### Your objective
The copy you give must match the listing below exactly and contain no pictures.

### Dataset excerpt
━━━━━━━━━━━━━━━━
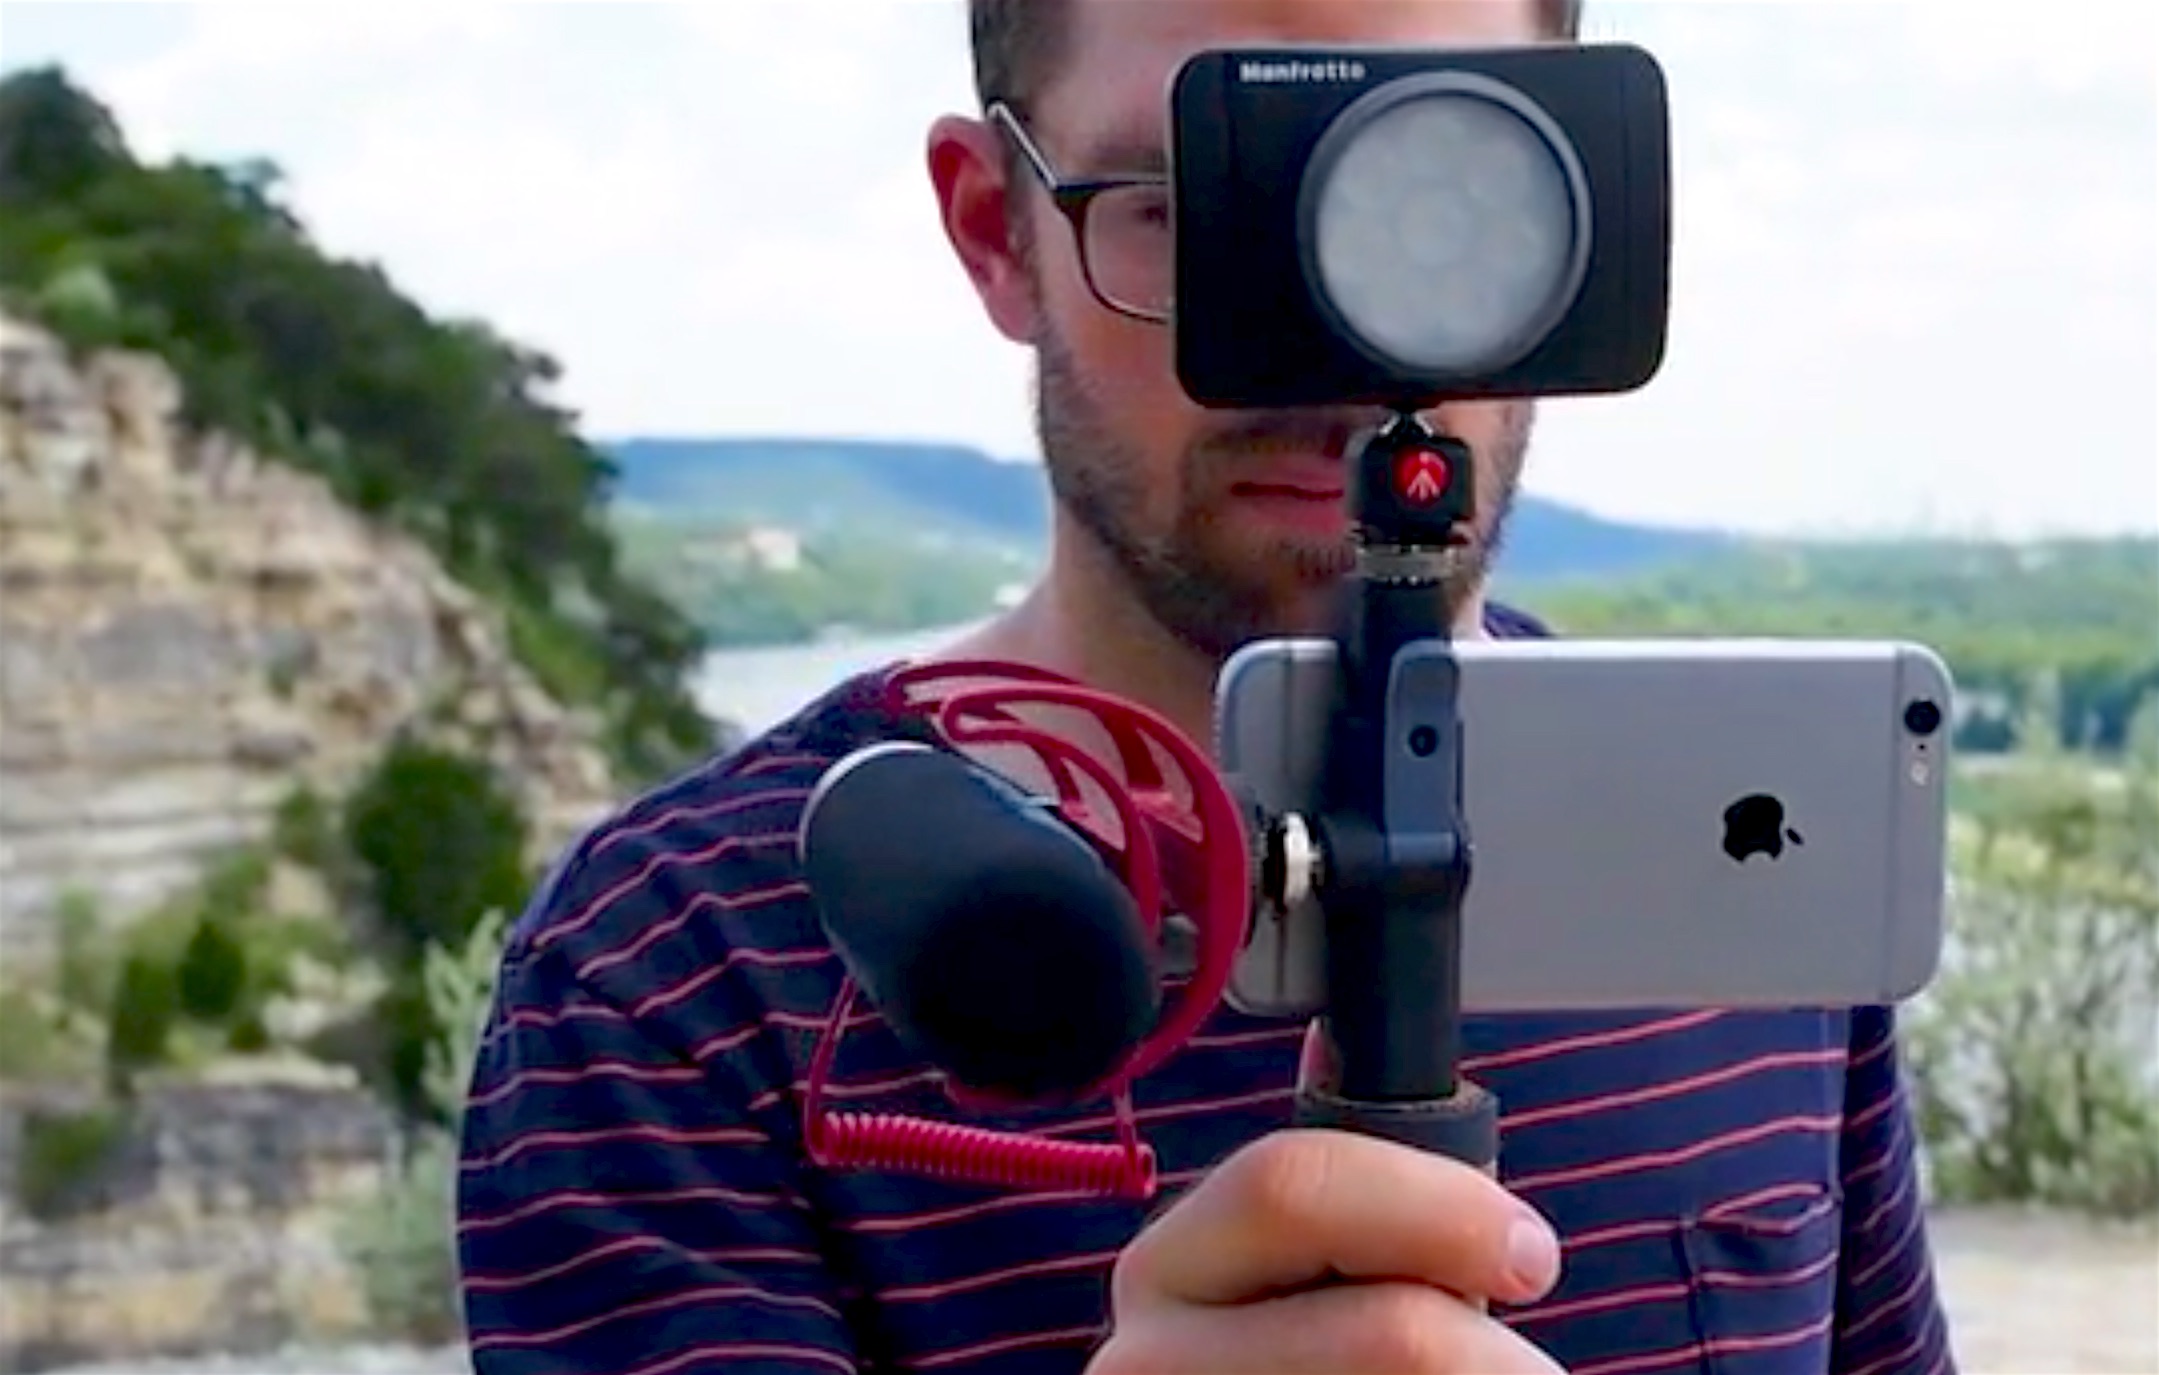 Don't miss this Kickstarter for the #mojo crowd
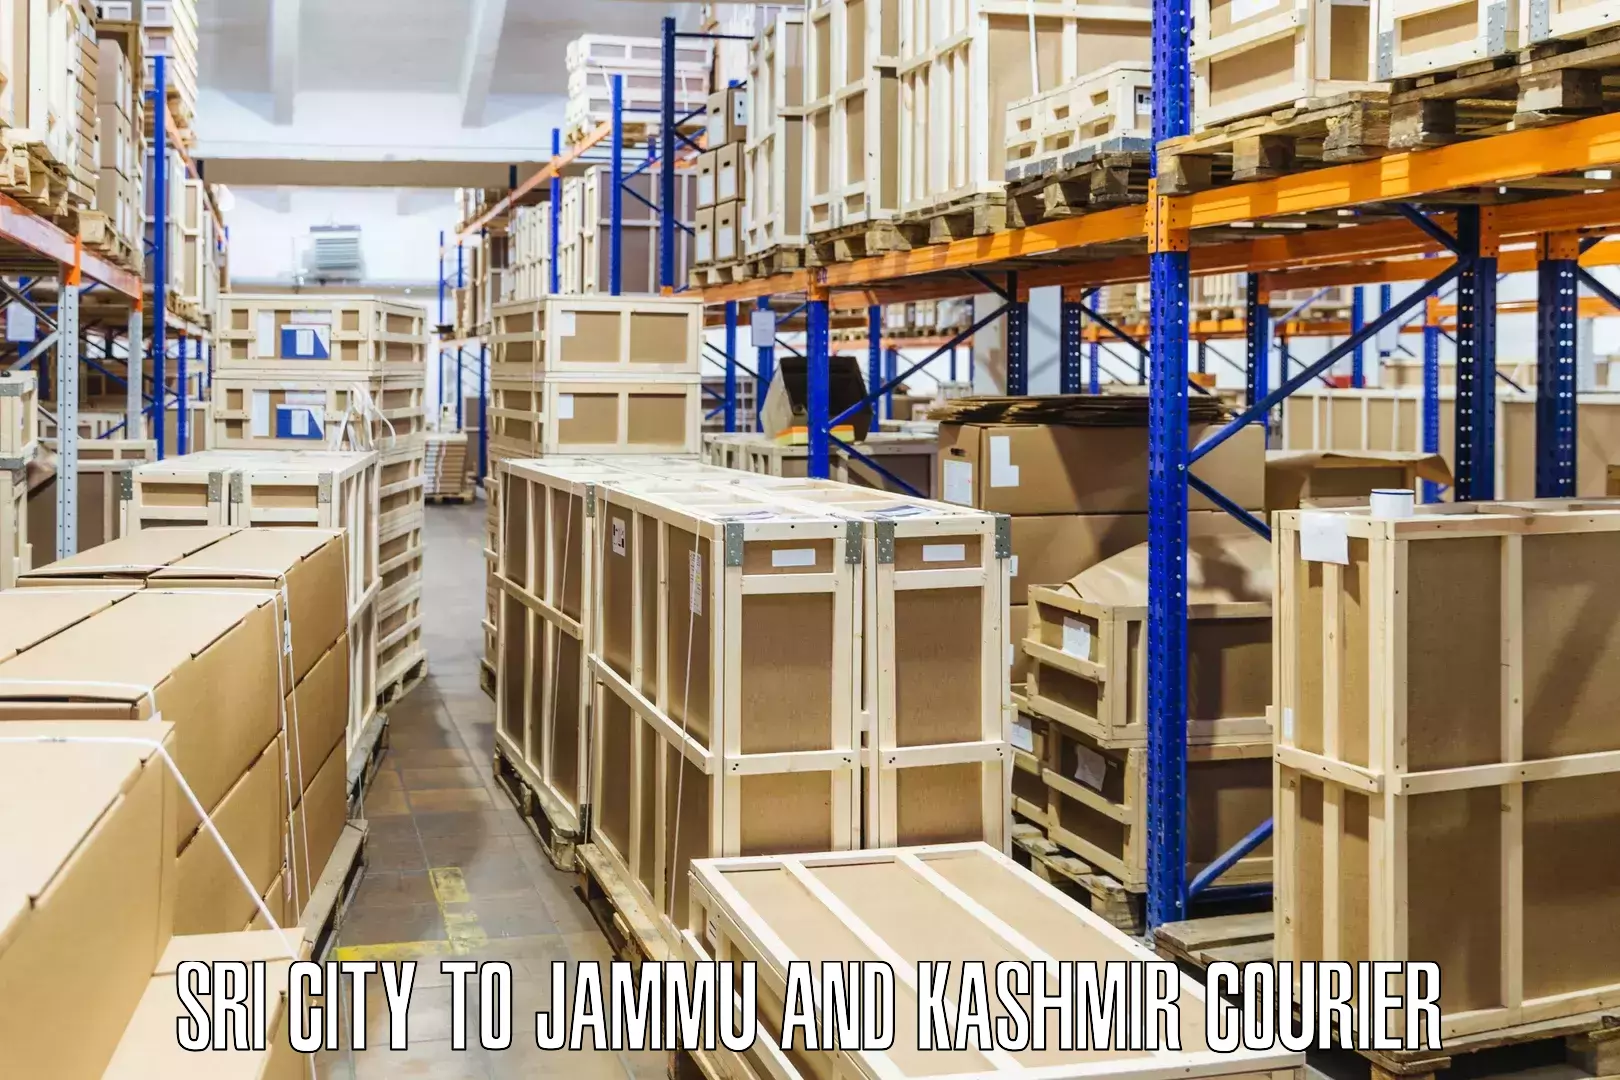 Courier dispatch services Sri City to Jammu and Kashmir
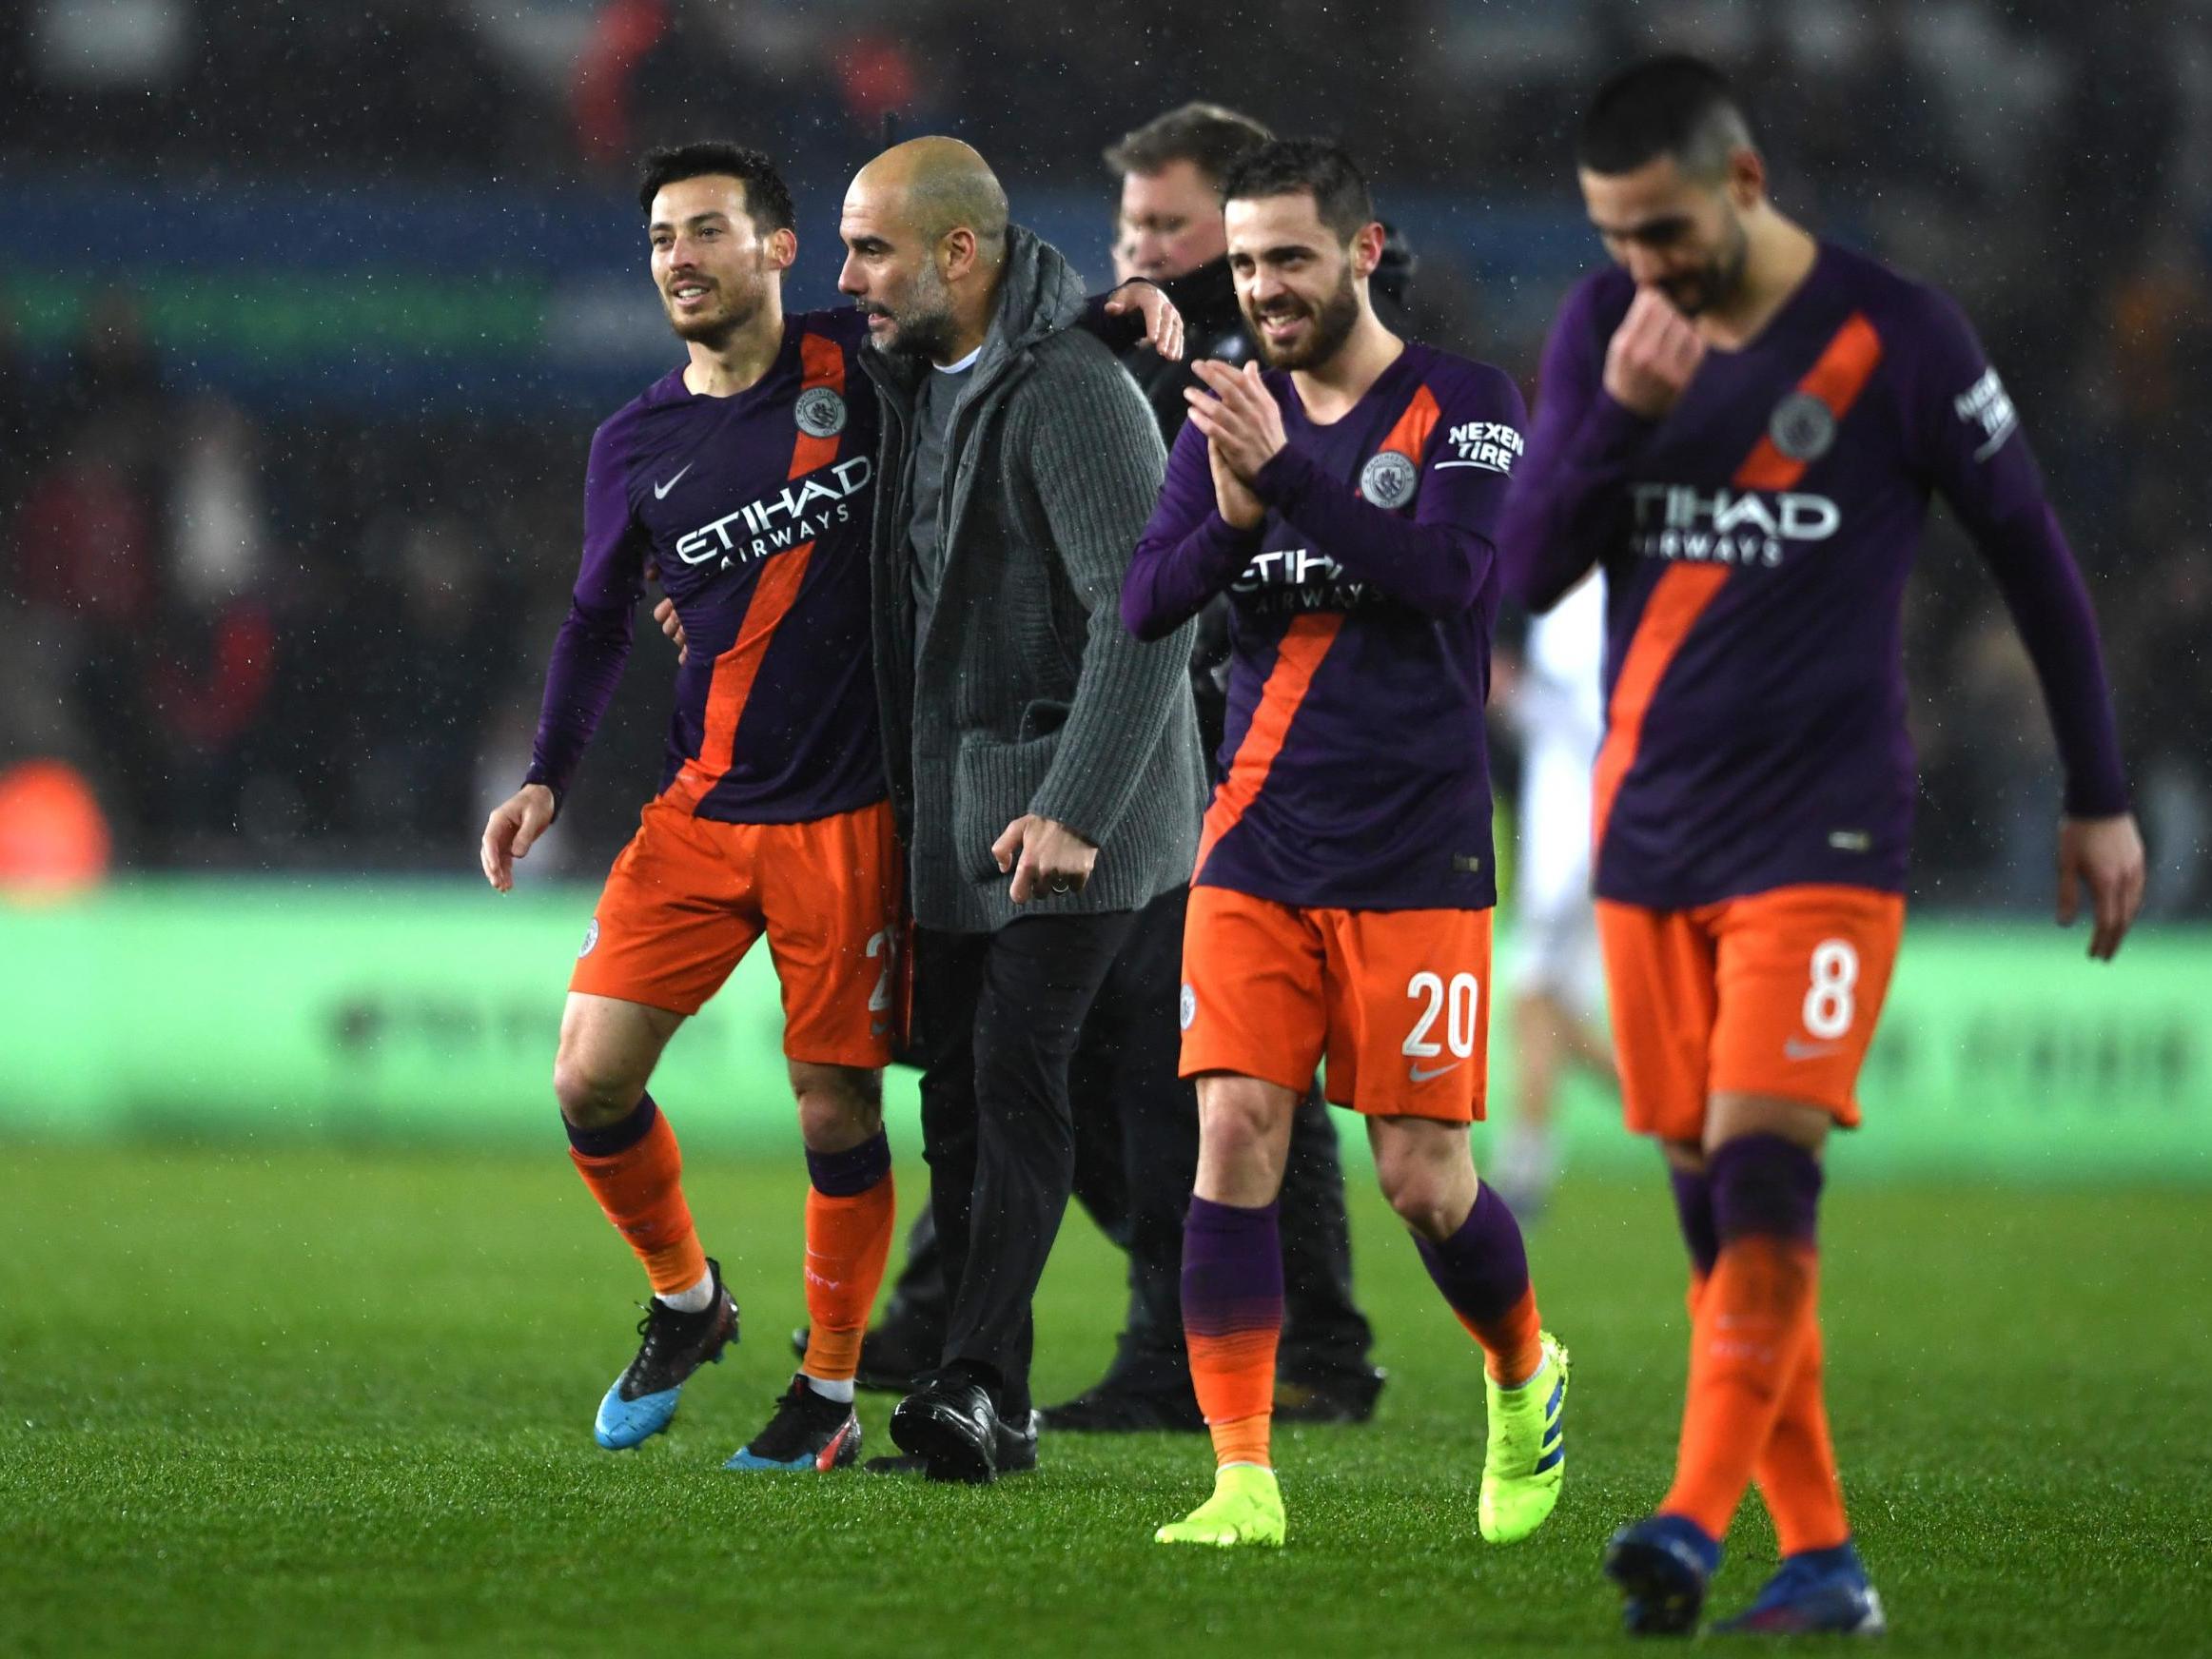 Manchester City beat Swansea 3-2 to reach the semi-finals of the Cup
━━━━━━━━━━━━━━━━
### Answer
 Don't miss this Kickstarter for the #mojo crowd
 Courier dispatch services Sri City to Jammu and Kashmir
 Manchester City beat Swansea 3-2 to reach the semi-finals of the Cup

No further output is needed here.